In Issa’s district, moderate Republican San Diego County Supervisor Jim Desmond is running against several infighting Democrats, including San Diego Councilwoman Marni von Wilpert and former Obama labor official Ammar Campa-Najjar.
Not new, or over
Jeff Wice, a New York Law School professor who was involved in California redistricting efforts in 2010, said the state “has long played hardball politics on redistricting,” including when then-Rep.

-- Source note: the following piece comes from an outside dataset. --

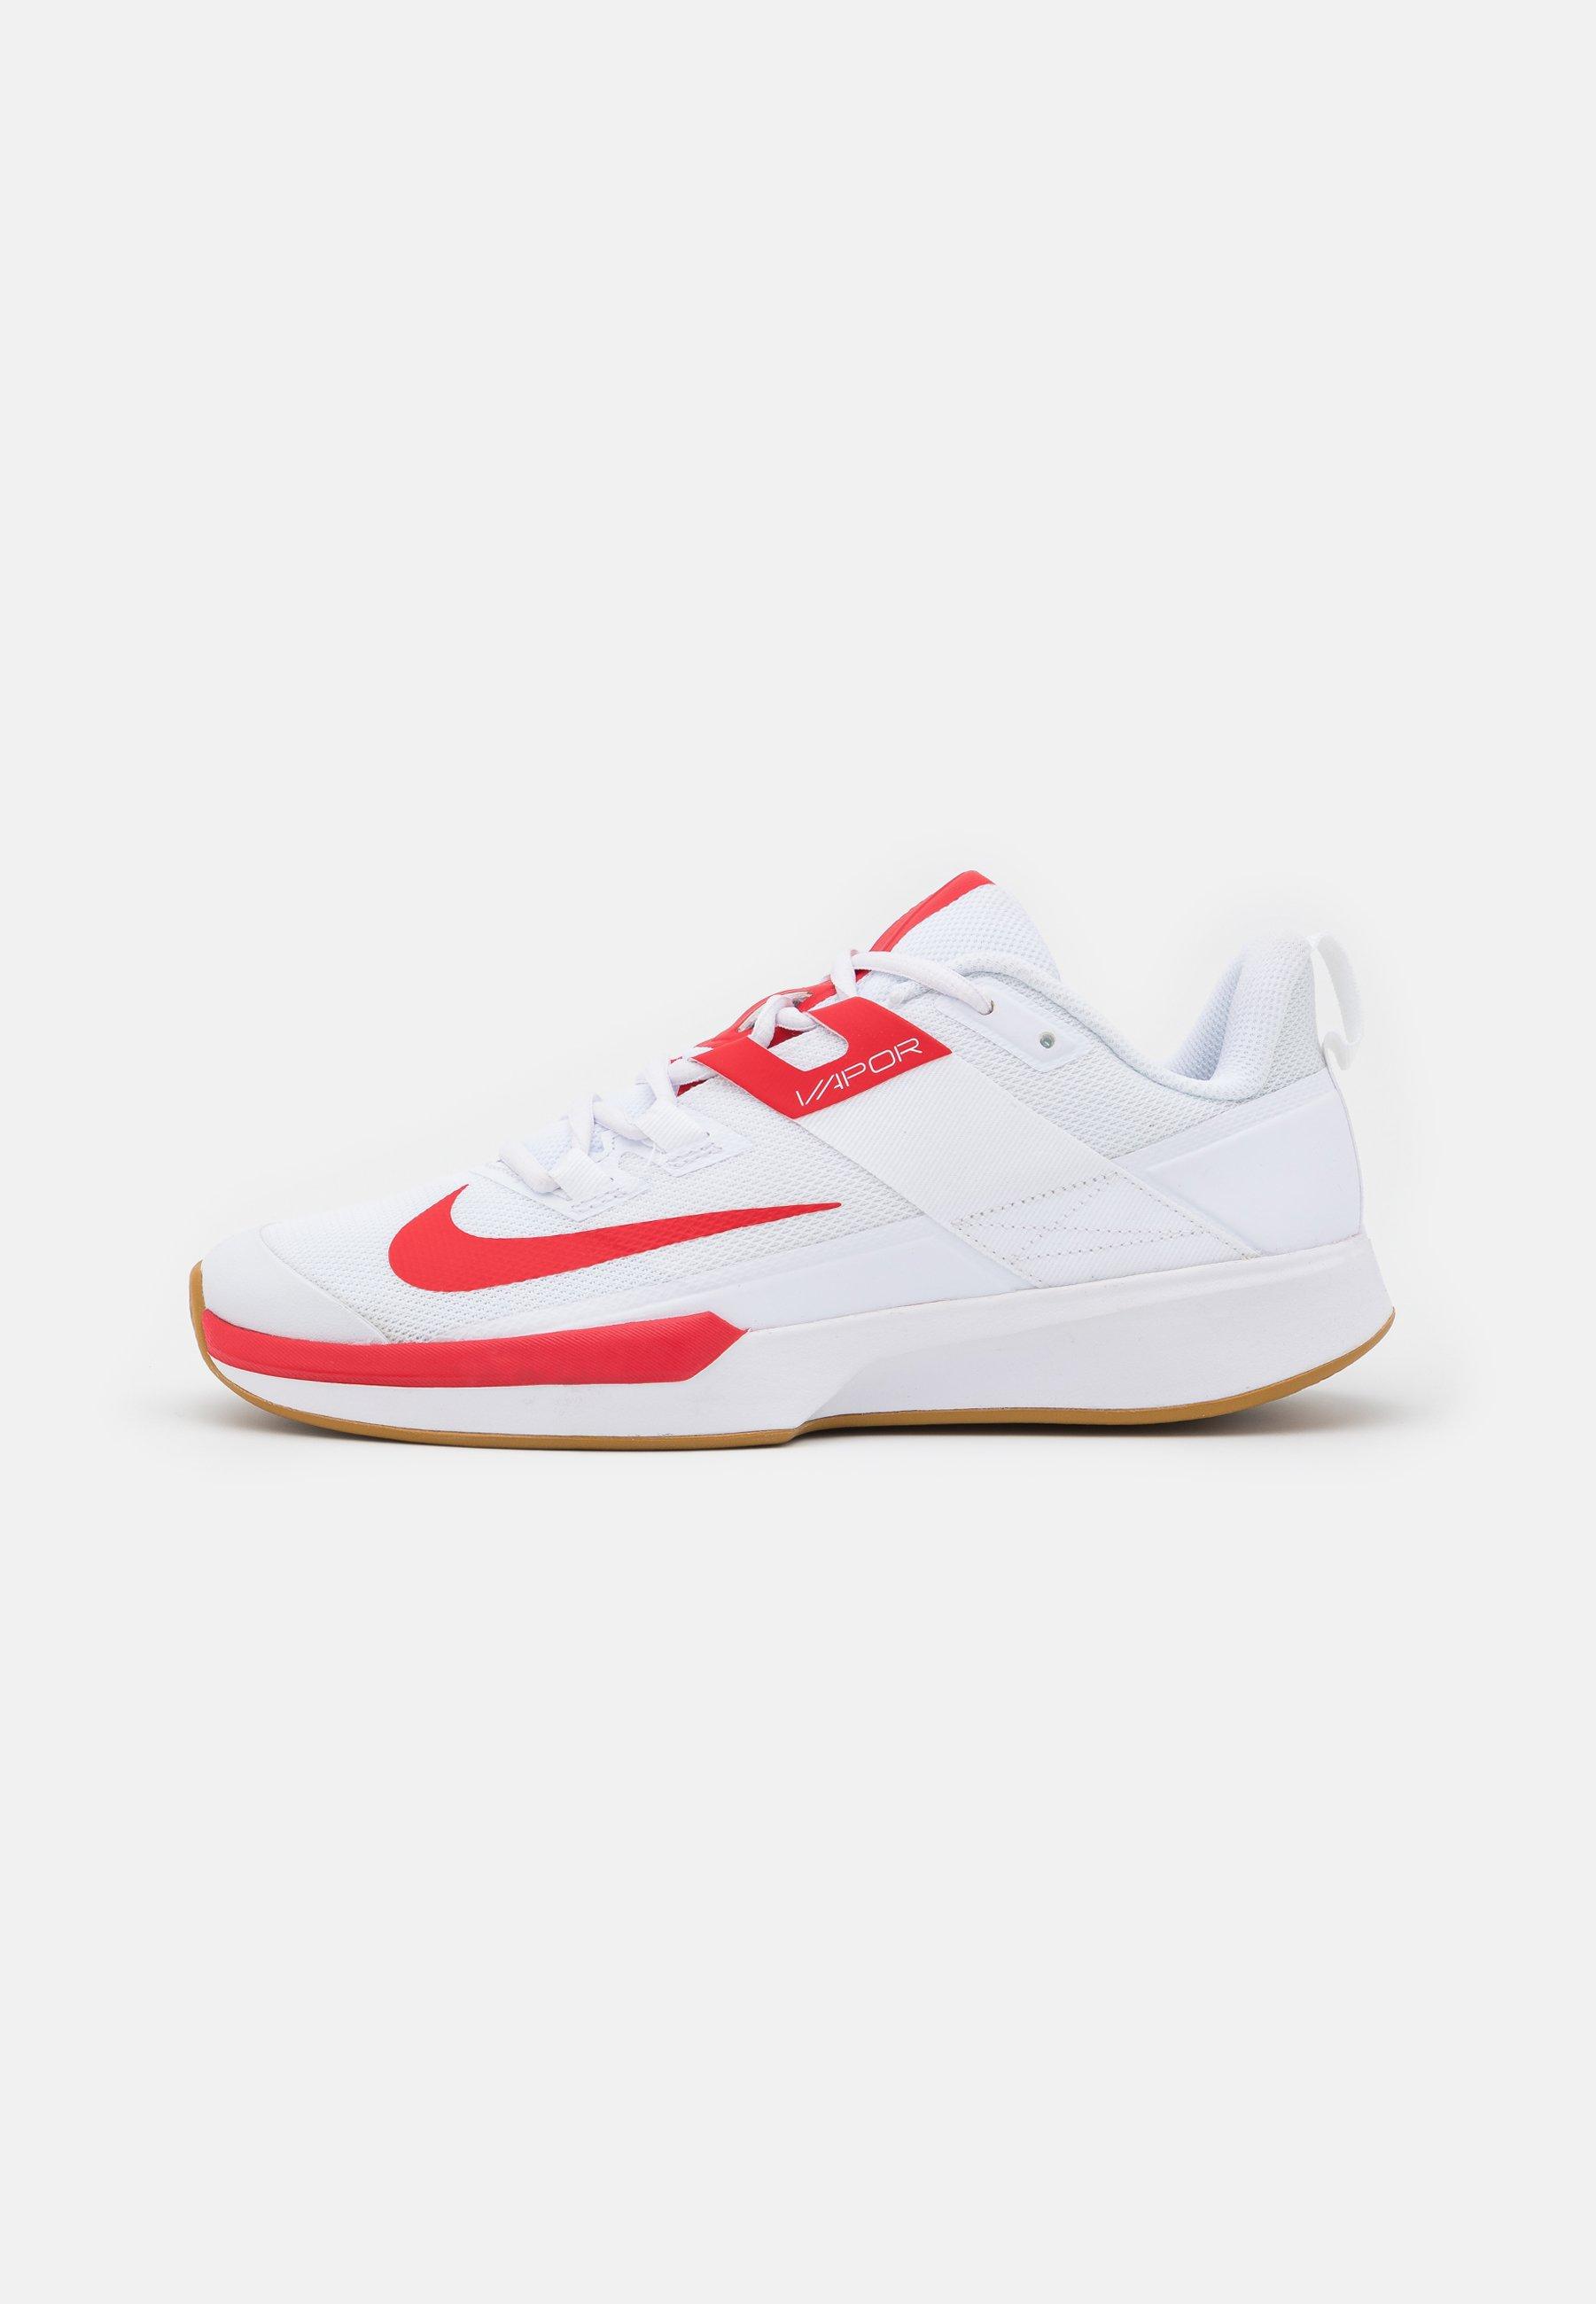 Men VAPOR LITE CLAY - Clay court tennis shoes

Phil Burton, a powerful San Francisco Democrat, bragged more than 40 years ago that the complex congressional boundaries he’d crafted for Democrats were his “contribution to modern art.”
But in five decades studying redistricting, Wice said he has never seen such “politically driven, partisan politics” as are occurring now across the nation, which he said have “no root in law, reason or fairness” — and are only likely to continue.
“This state-by-state war is far from over, and may continue all the way through 2030,” he said. “A lot of it depends on the outcome of this November’s election.”
Wasserman said the country has “entered an era of no-holds-barred redistricting,” and he also sees redistricting efforts continuing — including in California, where they would present a distinct threat to the state’s few remaining Republicans.
Michael Li, senior counsel in the Democracy Program at the Brennan Center for Justice at NYU Law, said California is a “big part of the story” this election cycle, thanks to Proposition 50. “Democrats in California proved to be very determined and resourceful and managed to get that done, and right now California is the big offset to Republican gerrymandering around the country,” he said.
But what will come of it all — in California and across the country — is still to be determined.
“When you’re gerrymandering, you’re making a bet that you know what the politics of the future will look like, and it’s hard to predict,” he said. “It’s a high-risk, high-reward venture.”